Part 9 (2/2)
MYSELF: Then who was the daughter of Cladinoro?
NINA: Ettorina.
MYSELF: Do you mean to say that Ettorina went mad for love of Ruggiero Persiano?
NINA: Yes.
MYSELF (_rising to go_): Finalmente!
ALESS: Yes, but first you must know--
MYSELF: All right, Buffo, never mind about that; at last I know who Ettorina was and why she went mad and that will do for the present.
Thank you very much and good night.
GILDO: That is what I said. Why did you laugh when I said that?
MYSELF: Say it again, Gildo, and I won't laugh this time.
GILDO: Thank you very night and good much.
MYSELF: Bravo. If you go on at this rate you will soon be speaking English like a native.
I took leave of the young ladies, and Papa, Alessandro and Gildo accompanied me to the albergo, where they left me. As I approached my bedroom door I looked up over it half-expecting to see there the words which, years ago, I had seen written over the entrance to a Tuscan monastery:
O beata Solitudo!
O sola Beat.i.tudo!
CHAPTER IV MALAGIGI
Next morning I called on the buffo in his workshop. His two combustible Turkish pavilions were finished, ready to be fired by Ettorina, and he was full of his devils. I inquired why we were doing Guido Santo so soon; it was only a year since my last visit to Palermo, when I had witnessed his lamented end after a fortnight of starvation in prison, and, at this rate, the story would be over in fourteen months instead of lasting eighteen. The buffo said they had made the experiment of shortening it. If one has to shorten a story, probably the _Paladins of France_ with its continuations would suffer less from the process than many others. At all events it could scarcely grow longer, as a work of art so often does when one tries to shorten it.
The devils were naturally among the dramatis personae of the teatrino, but they had to be got ready and repaired and provided with all things necessary for them to make the subterranean road. I said:
”I am not sure that I quite followed all you told me last night.”

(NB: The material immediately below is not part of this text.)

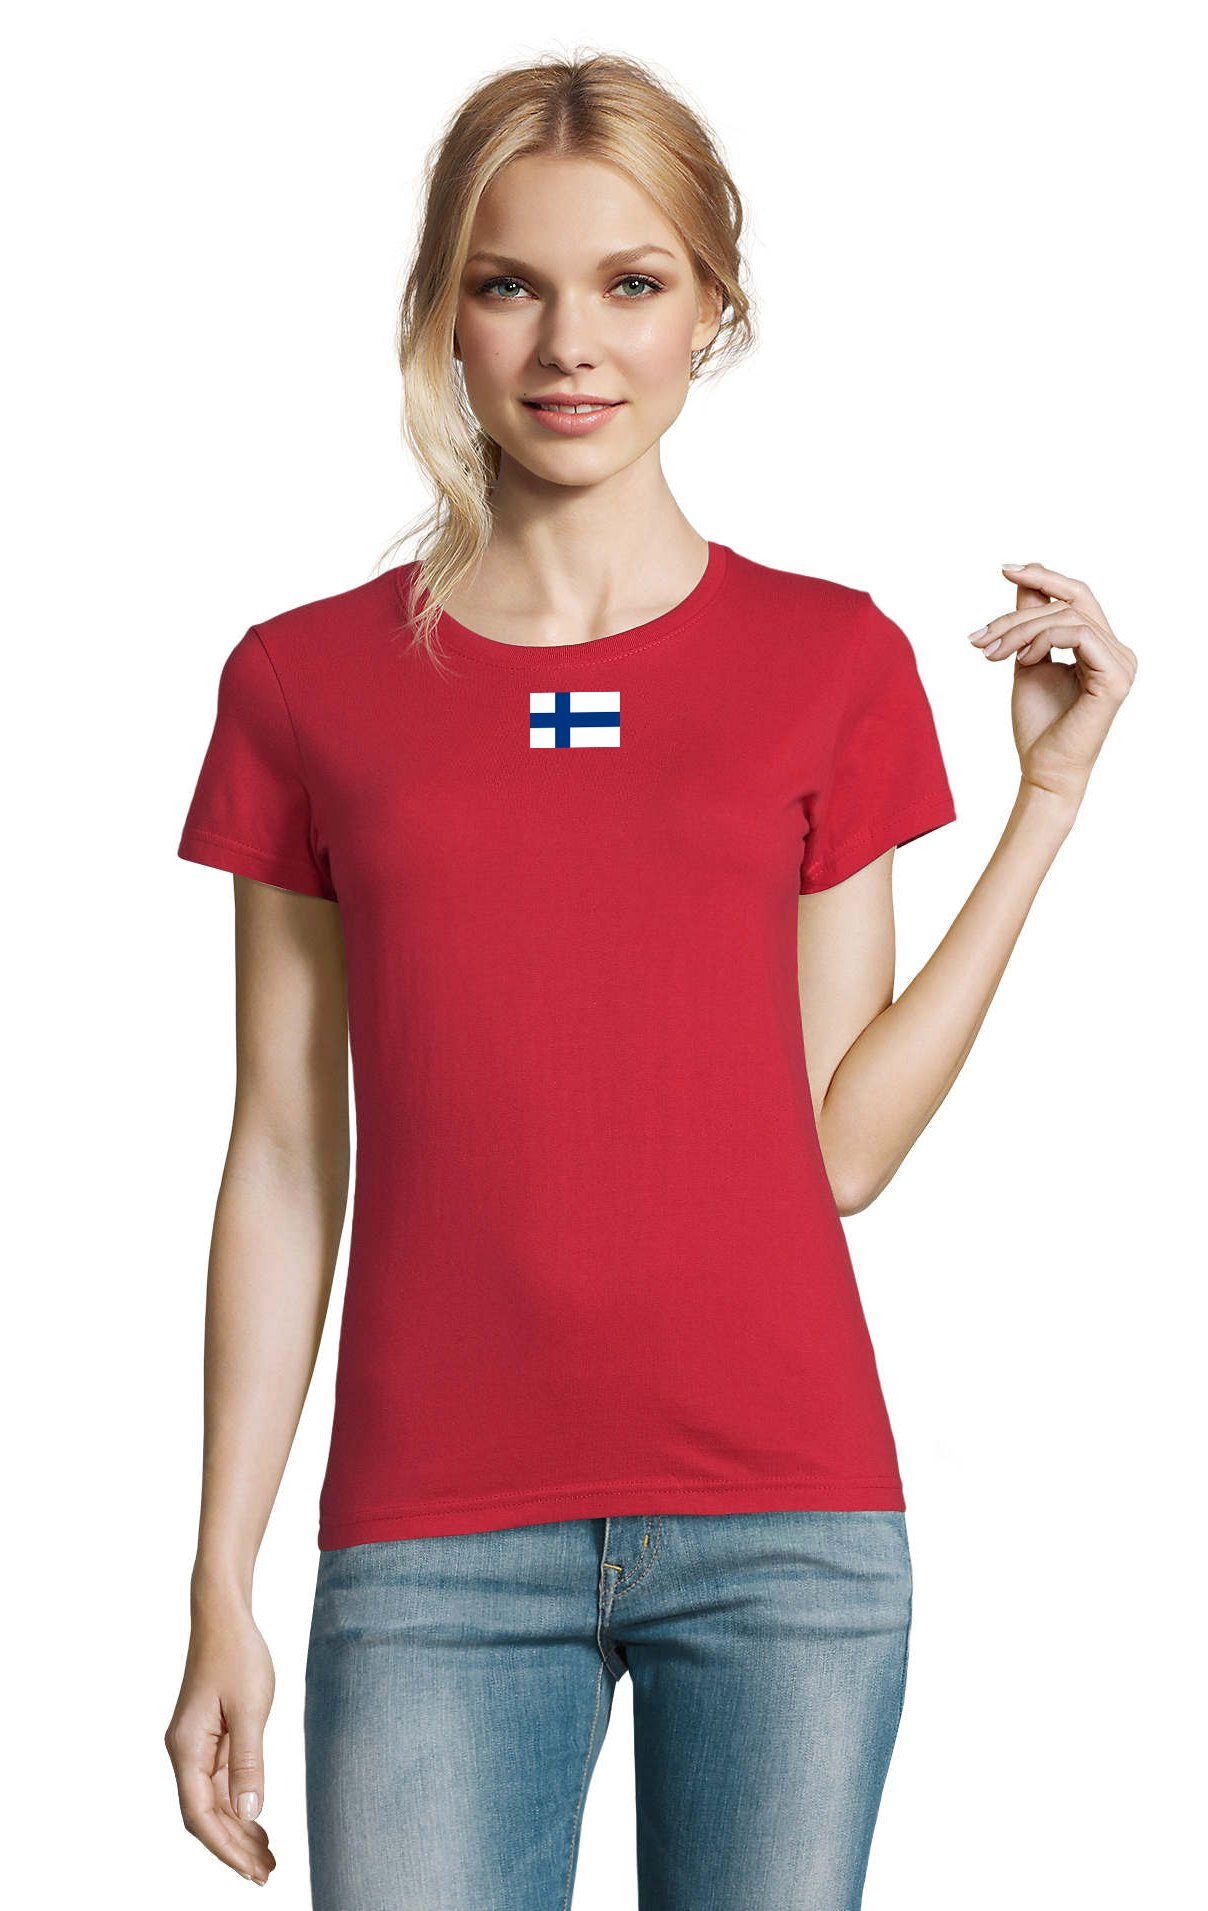 Blondie & Brownie T-Shirt Damen Nation Finnland Finland Ukraine USA Army Armee Nato Peace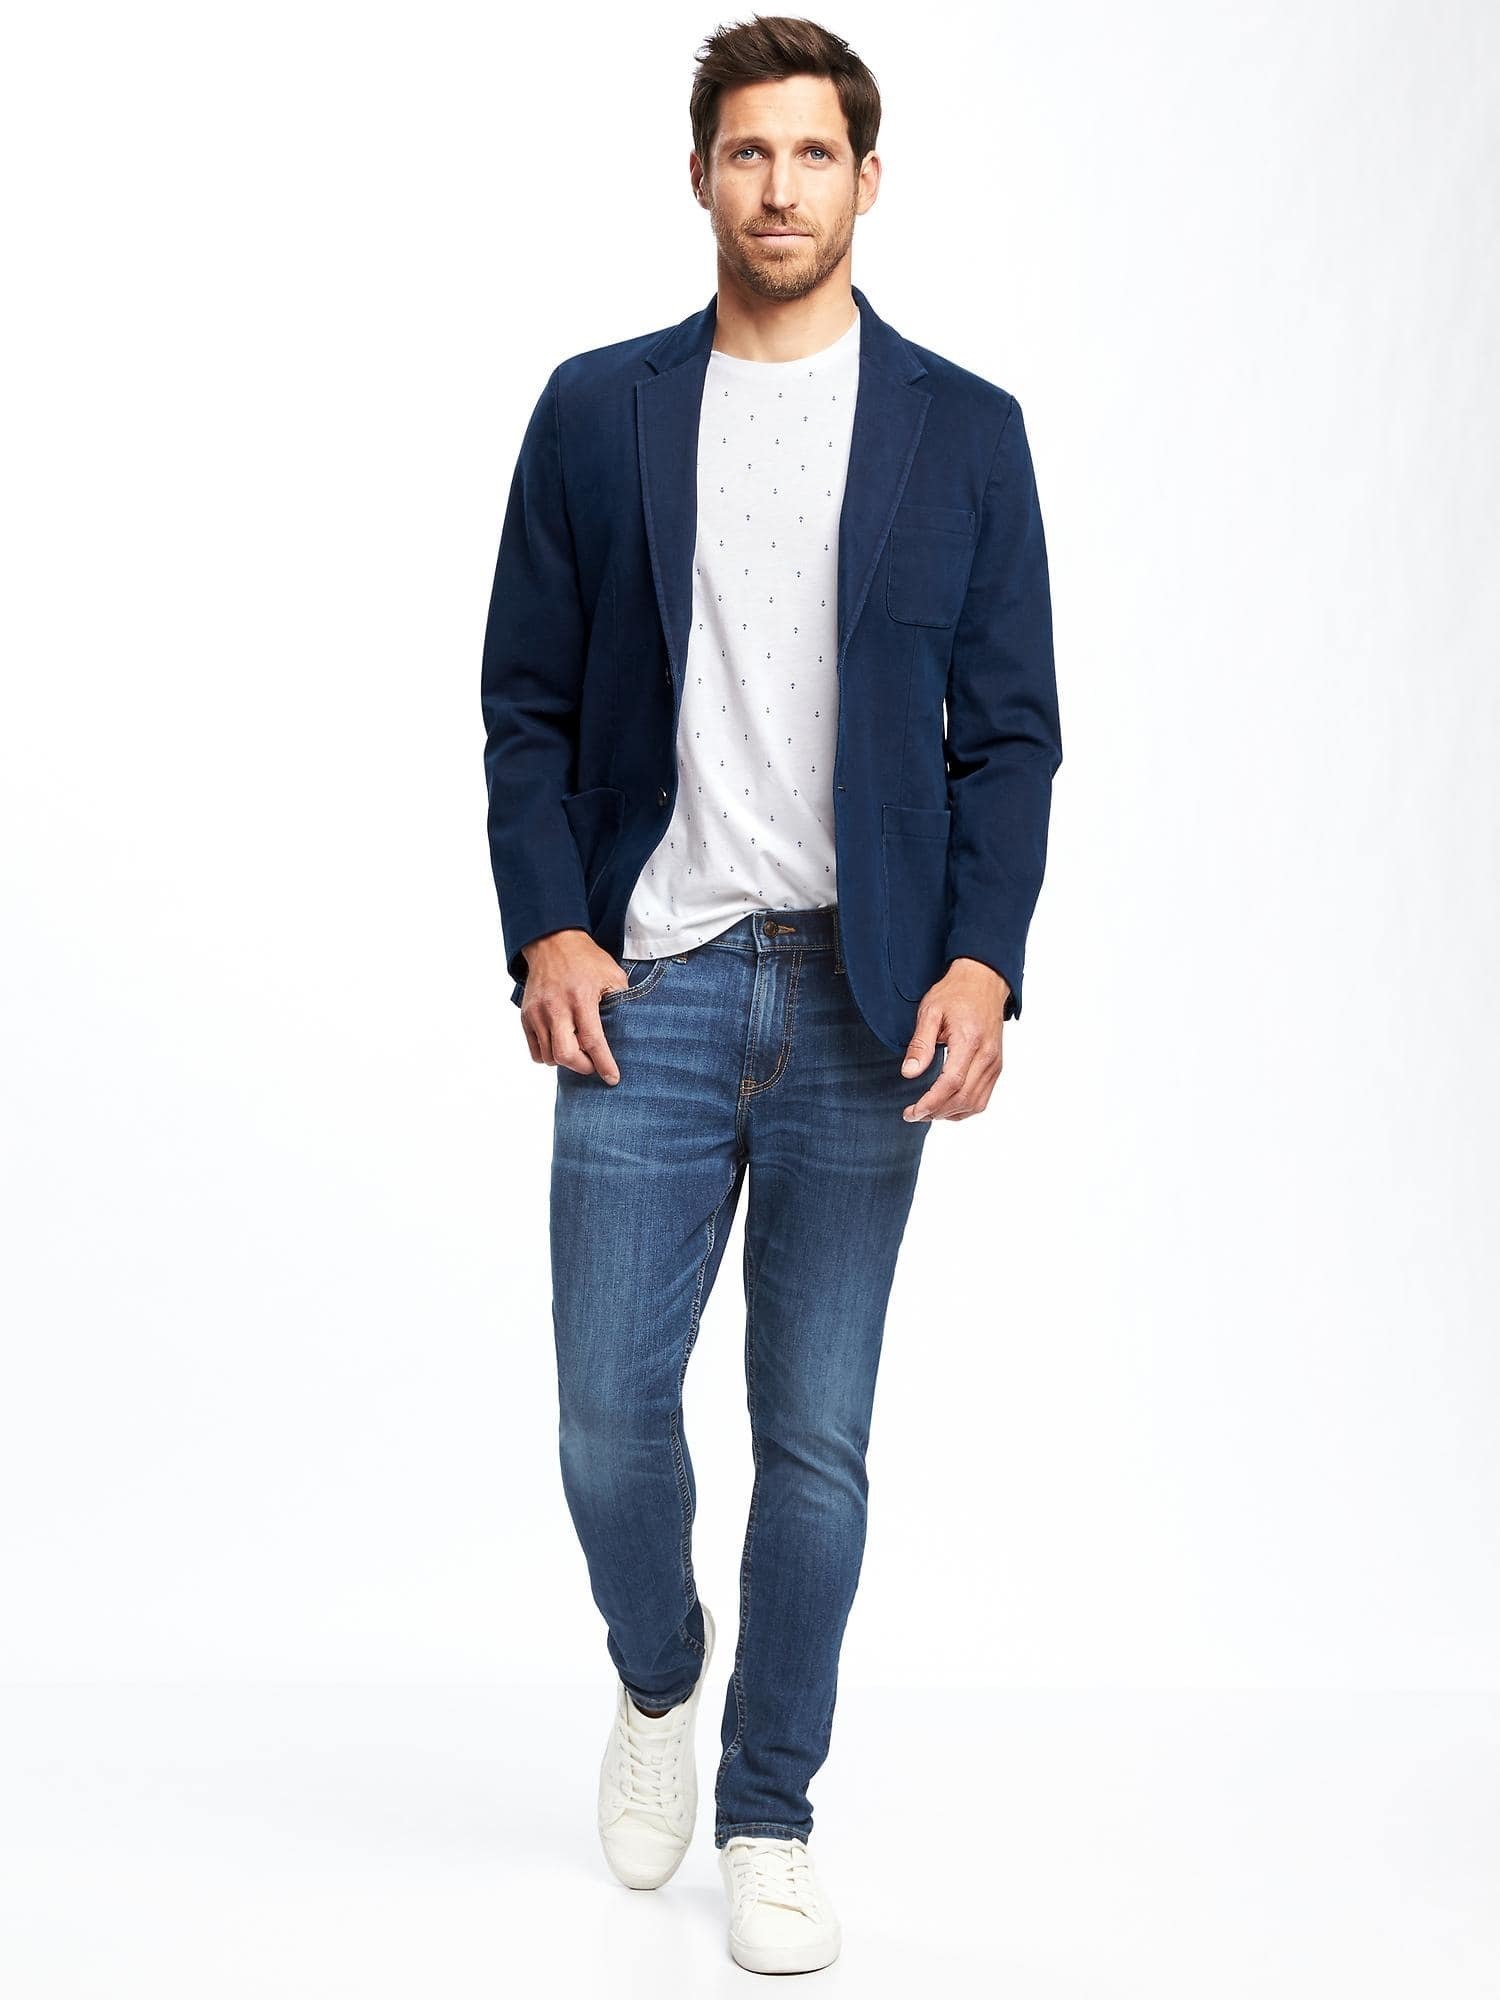 Белые кроссовки джинсы и пиджак мужской - 83 фото

”There was perhaps a little confusion?” he inquired apologetically.
”Not at all,” I replied politely; ”but I never heard of Argantino before.
Did you say he was the son of Malagigi?”
”That is right. He did not happen to be at Roncisvalle, so he was not killed with Orlando and the other paladins. An angel came to him and said, 'Now the Turks will make much war against the Christians and, since the Christians always want a magician, it is the will of heaven that you shall have the rod of Malagigi, who is no longer here, and that Guido Santo shall have la Durlindana, the sword of Orlando.' And it was so, and Argantino thereafter appeared as a pilgrim.”
”I remember about Malagigi; he made all Rinaldo's armour.”